The Supreme Court has held that where the separate property of a male Hindu devolves intestate under Section 8 of the Hindu Succession Act, 1956 upon Class I heirs, those heirs inherit the property as tenants-in-common with definite and separate shares, and not as joint tenants or as members of a coparcenary by survivorship. Consequently, one such heir cannot claim the status of karta in respect of the entire inherited property so as to alienate any part of it on the ground of legal necessity for the family.
Applying this principle, the Supreme Court held that after Dajiba’s death, Darubai and the four daughters each became entitled to 1/5th share only, and Darubai could deal only with the 1/5th share vested in her, not with the shares of the other heirs.

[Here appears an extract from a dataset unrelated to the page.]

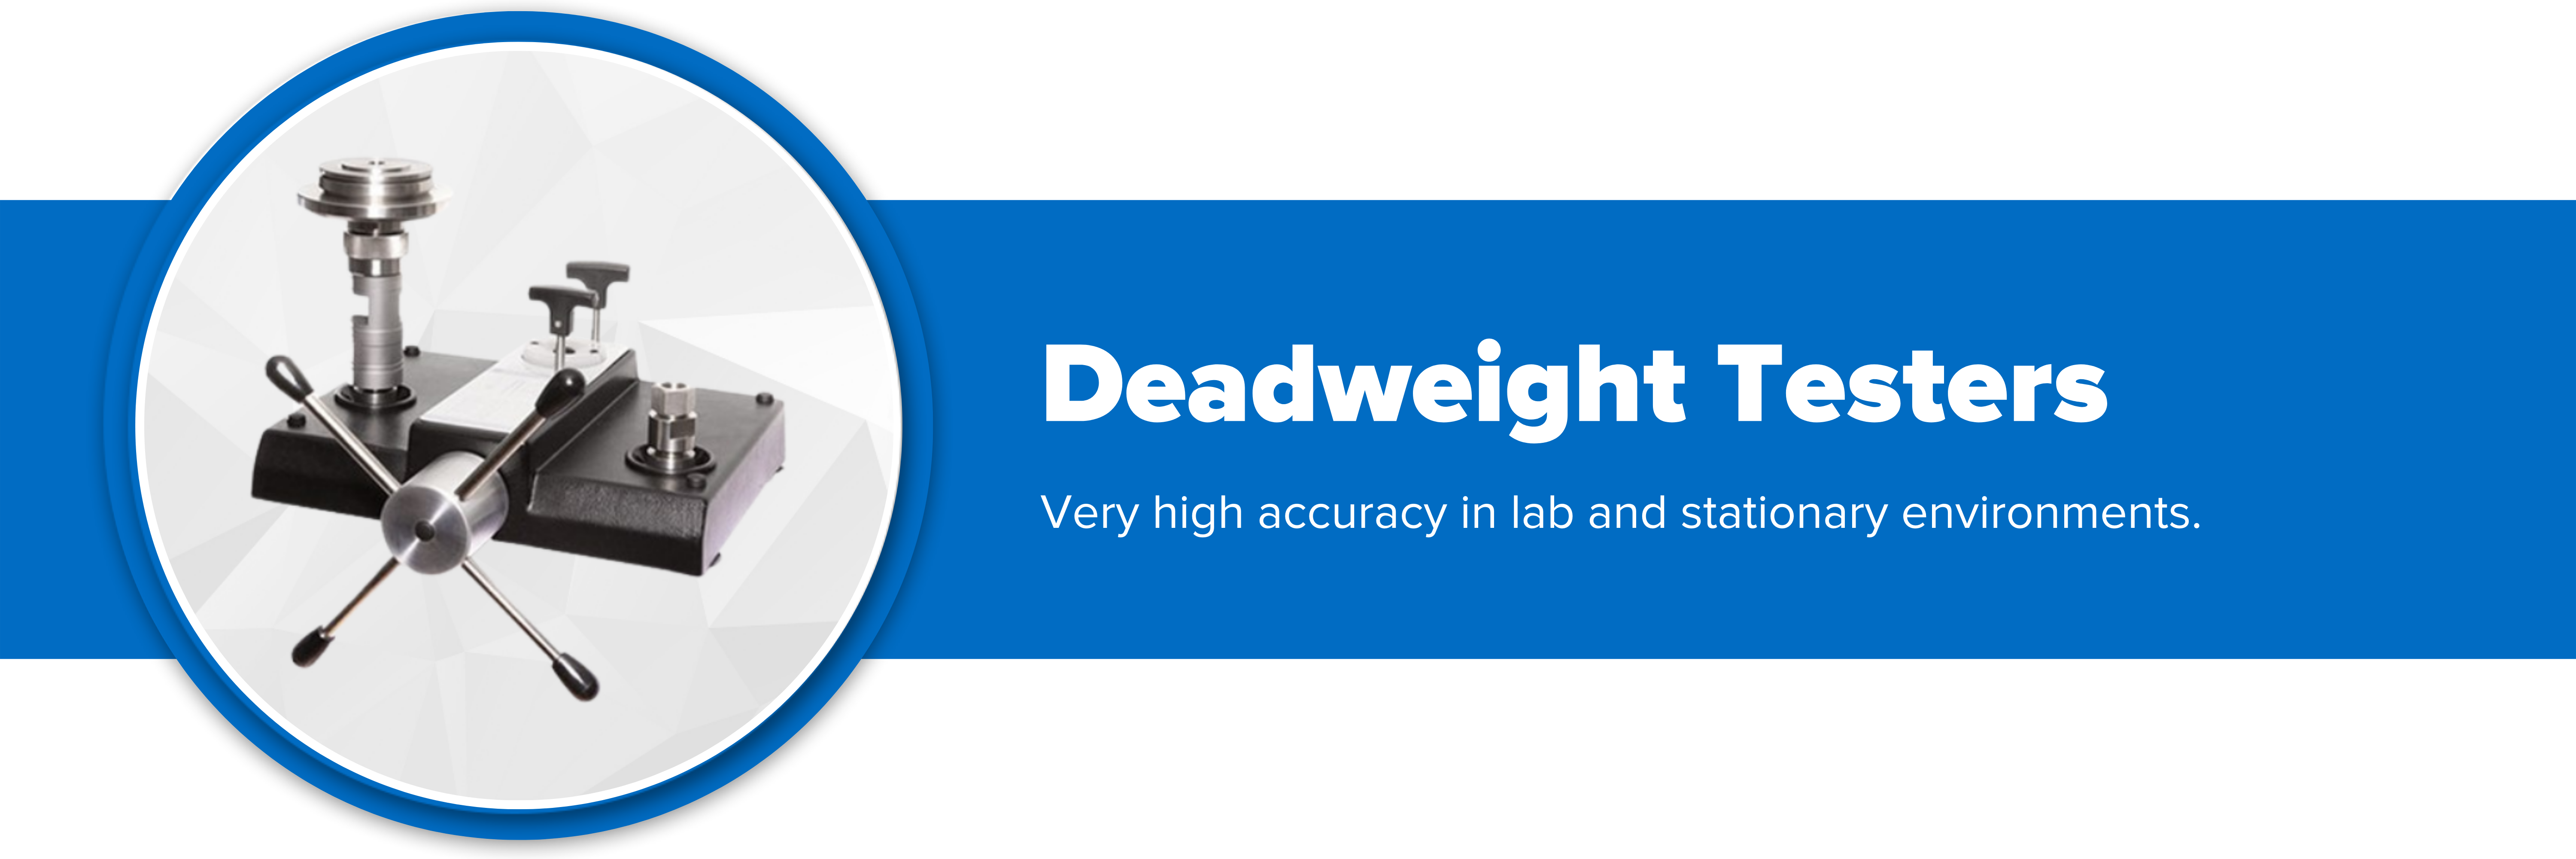 Header image with text "Deadweight Testers"

A Two-Judge Bench comprising Justice Sanjay Karol and Justice Augustine George Masih examined Sections 8, 10 and 19 of the Hindu Succession Act, 1956 and reiterated that where two or more heirs succeed to the property of an intestate, they take per capita and as tenants-in-common, and not as joint tenants. The Bench explained that joint tenancy is governed by survivorship and is generally foreign to Hindu succession except in the case of coparcenary in an undivided family, whereas tenancy-in-common gives each co-owner a distinct, undivided but identifiable share, which on death devolves on that co-owner’s own heirs and not by survivorship.
Further, the Bench affirmed that property devolving under Section 8 is inherited in the individual capacity of the heir and does not automatically assume the character of joint family or coparcenary property. On that reasoning, the Bench observed that in succession under Section 8, the question of karta-ship ordinarily does not arise merely because the property came from a paternal ancestor, since the heirs hold definite and separate shares as tenants-in-common.
Briefly, the dispute arose from a suit for partition and separate possession filed by four daughters of late Dajiba, including the present respondent, claiming that they together were entitled to 4/5th share in Dajiba’s separate property, with the remaining 1/5th belonging to Darubai, his widow and the appellant. The property comprised certain agricultural lands and two houses situated in village Sapti. The Trial Court decreed the suit. However, the First Appellate Court partly reversed that decree by accepting Darubai’s case that, acting as karta, she had agreed to sell part of the property out of legal necessity for the marriage of one of the plaintiffs.
In second appeal, the High Court restored the trial court’s decree, and Darubai challenged that restoration before the Supreme Court. Two aspects were undisputed before the Court: first, the relationship between the parties, namely a step-mother and daughters; and second, that the suit property was the separate property of Dajiba. The central issue before the Supreme Court was whether, after Dajiba’s death, the heirs took the property as tenants-in-common or as joint tenants under Section 8 of the Hindu Succession Act, 1956, and whether Darubai could invoke karta-ship and legal necessity to alienate part of the property.
Appearances:
For Appellants: Ashok Kumar Gupta Ii, AOR.
For Respondents: Sandeep Sudhakar Deshmukh, AOR, Nishant Sharma, Adv., Ankur Savadikar, Adv., Kartik Sharma, Adv.